When you say he doesn't want to do anything, what kinds of opportunities do you give him to do something?


----------



## ihave4kitties (Aug 27, 2005)

My Marcellus, who is only 2 1/2 sleeps all day and early evening, getting up once in while, for just a bit but he rises very, very early. It's noon now and all 3 cats will basically sleep the rest of the day. They get up for a potty break, a quick wrestle or pet but then it's back to sleep until evening. All 3 of my cats do most of their playing in the wee hours of the morning. Being your cat is older and an only cat, he probably will sleep more too. Try different kitty activities and see if he's interested. Sounds like you got yourself a nice lap kitty...lucky you.


----------



## BowerR64 (Aug 26, 2005)

ok then thats normal? that does seem to be his hours. Just when im ready to sleep hes ready to get up and play. He use to be in and out all the time, whine when he wants out and a quick paw at the door when he wants in. Normaly his play is just a quick run outside hop up on the picnick table undr the shade tree look around about 30 minutes or so then back in for a quick nibble.
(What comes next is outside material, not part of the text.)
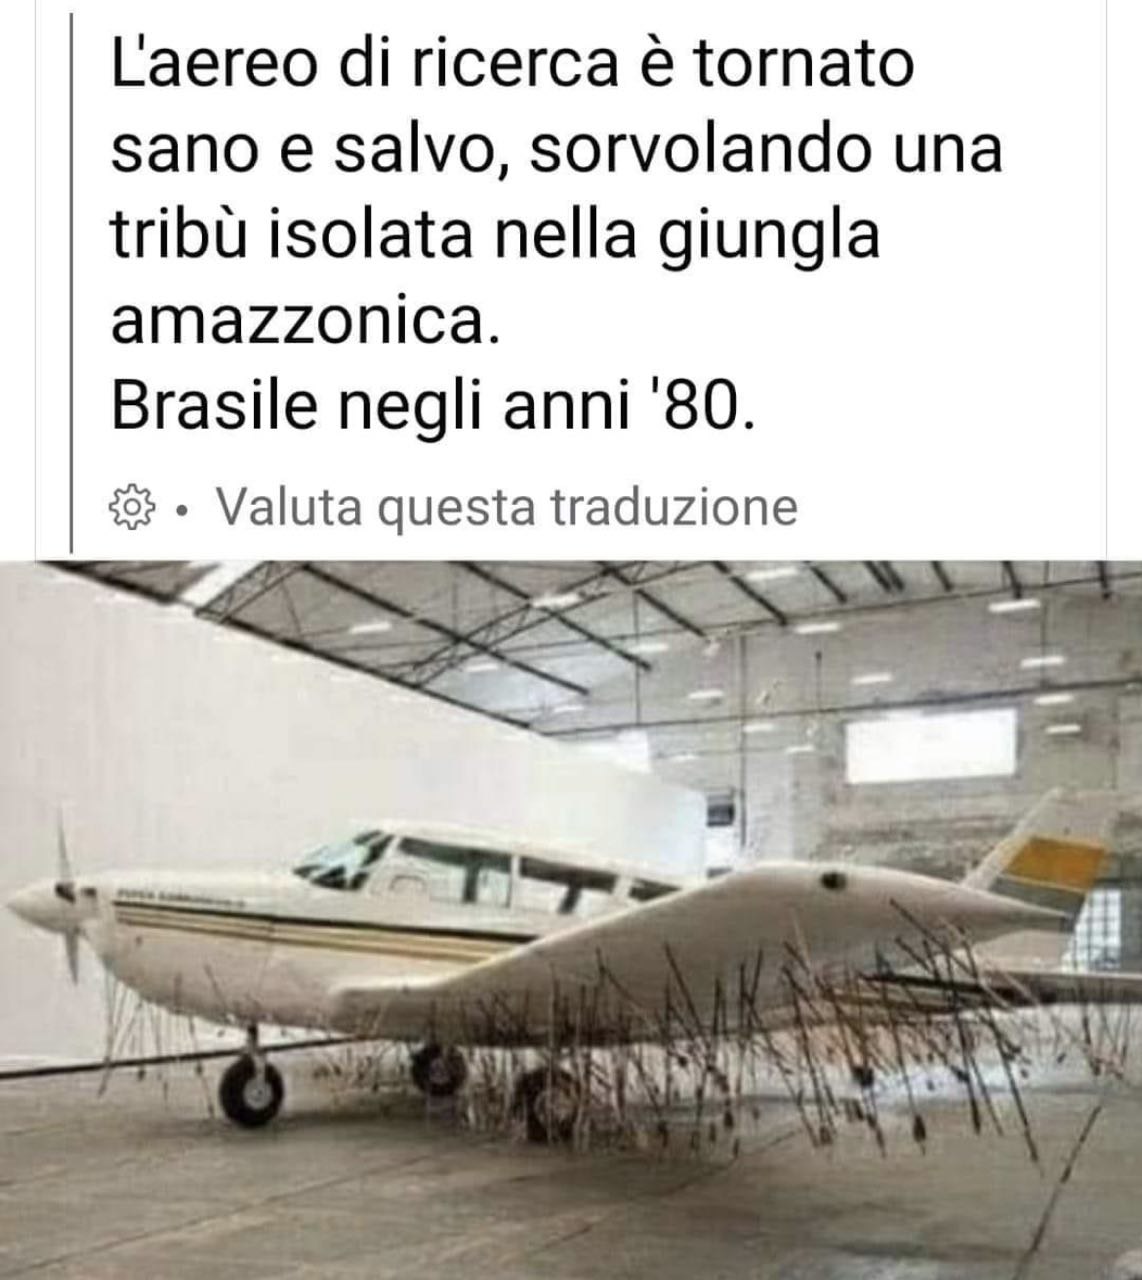 Амазонки сбили самолет из лука в 1980-х

This use to be the daily routine till he got bit.

It does seem the cats round here are out in the early hours, 4-6am seem to be when they are most active.


----------



## ihave4kitties (Aug 27, 2005)

Sounds normal to me.  From what you say, he sounds healthy and all but absolutely it all sounds normal. It's 9:30 am now and guess what my cats are doing? Sleeping, of course! :wink: 

They are up very early, I'd say by 6:00 for sure but I'm pretty sure it's earlier. They are up until, Oh, around this time. This is when they eat, wrestle, get loving from me. Then they sleep, they basically sleep for a couple hours or so. they get up for awhile, do their thing, usually watching life outside the window and other cat activities. Then soon after lunch they go back to sleep, getting up once inwhile for short periods, but basically "cat napping" until early evening. They are pretty active from mid evening until we go to bed. Then it's up early again. That's their day!  Hope this makes you feel better.


----------



## LuLu (Sep 9, 2005)

*My kitty use to be the same way!*

Hello, I have a female calico who is 8 years old as well. I noticed she was going through the same thing for awhile. Just slept and slept and rolled over and slept some more.
I know it may sound crazy and I don't know why but now she is really active and goes outside constantly, that is when she is not in the mood for her cat nap. This all started up when I brought an abandon 3-4 week old kitten that my mother found into our home. I don't know if it could possibly be that it's the kitten or maybe she just heard me telling her she was lazy and decided to show me she isn't but she is now active. She isn't crazy about the idea of having the kitten around but I make sure I give her the same love I use to before so she doesn't get too jelous. I know in time she will come around to our new little furry friend.  
I wish the best of luck to you and your kitty!

LuLu, Tana, & baby Carina


----------